Children aren’t born with the cognitive capacities of your average adult, and before the age of 11, most children are simply unable to perform abstract reasoning or understand nuances when having a discussion. Instead, children below this age generally see things in either-or scenarios, and divide the world into dichotomies of “good or bad”, “wanted or unwanted”, etc.

The cognitive development of children was described by famous Swiss scientist Jean Piaget, and the fact that children and human beings develop in stages has later been verified by Harvard researchers such as Susanne Cook-Greuter and Robert Kegan, and Theo Dawson who did her research at Berkeley.
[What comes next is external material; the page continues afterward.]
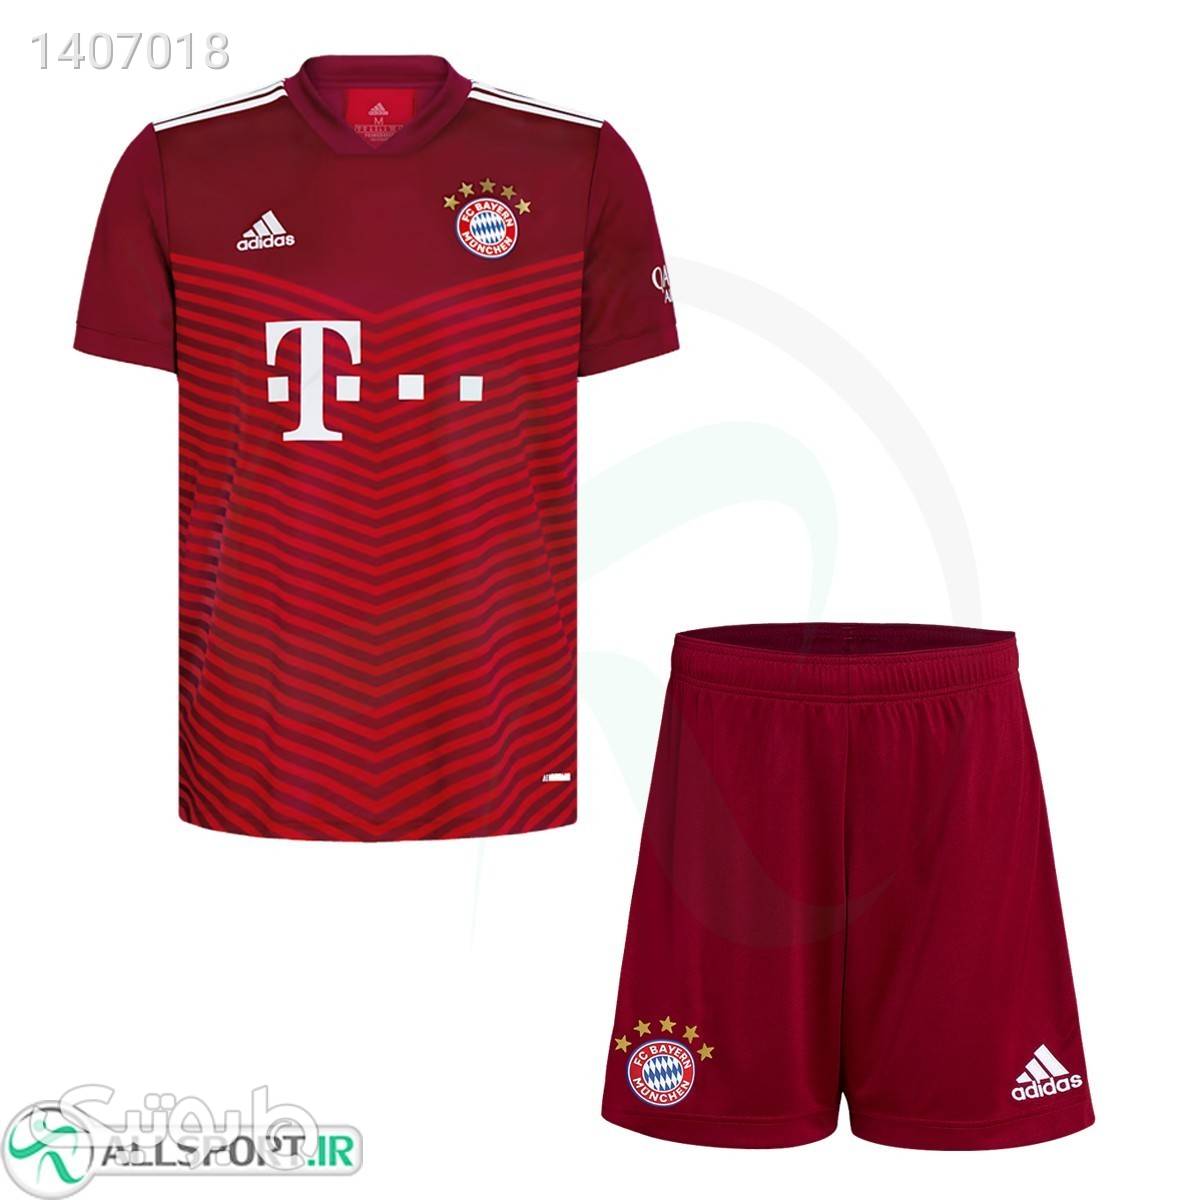 پیراهن شورت بچه گانه اول بایرمونیخ Bayern Munich202122 Home shirt amp; short Soccer Jersey زرشکی لباس کودک پسرانه

The effect of teachers bringing feminism into the classroom, whether they are feminists themselves or simply instructed to do so, is that young boys hear the message: “Girls are good, boys are bad.” Due to their cognitive development, this is the natural interpretation of feminism for young boys (and girls). This creates a sense of shame at a very deep level, and could quite conceivably affect the self-esteem and healthy development of these young boys.

I personally consider it an outrage that young boys are shamed in the name of feminism. First of all I consider feminist ideas to be a very unbalanced take on gender issues, and therefore I don’t even recommend them for adults. However, imposing these ideas on young boys who cognitively cannot help but be shamed and deflated is dangerously close to child abuse.

Let’s have a passionate gender debate amongst adults, but leave children alone, and stop telling them that there’s something wrong with them simply because they were born male.

Generation X, Y and Z

Those of us who are men and around 45 years old or younger, quite probably grew up (or are currently growing up) with feminism around us in one way or other, at least in The West. Being raised with feminist ideas floating around in society,  in our schools and possibly in our own families, means that we have all experienced the shaming I describe above.

As long as we are children who are cognitively immature, we simply don’t have the capacity to argue against feminism or put up any effective psychological defenses, and hence the shaming takes place.

As sad as these dynamics are, I also believe that Generation X and Y will be the generations that change the gender discourse forever. We’ve seen first-hand how destructive and imbalanced feminism can be, and aided by men from previous generations and by women who are sick and tired of feminism, the time has come to speak up and have our voices be heard.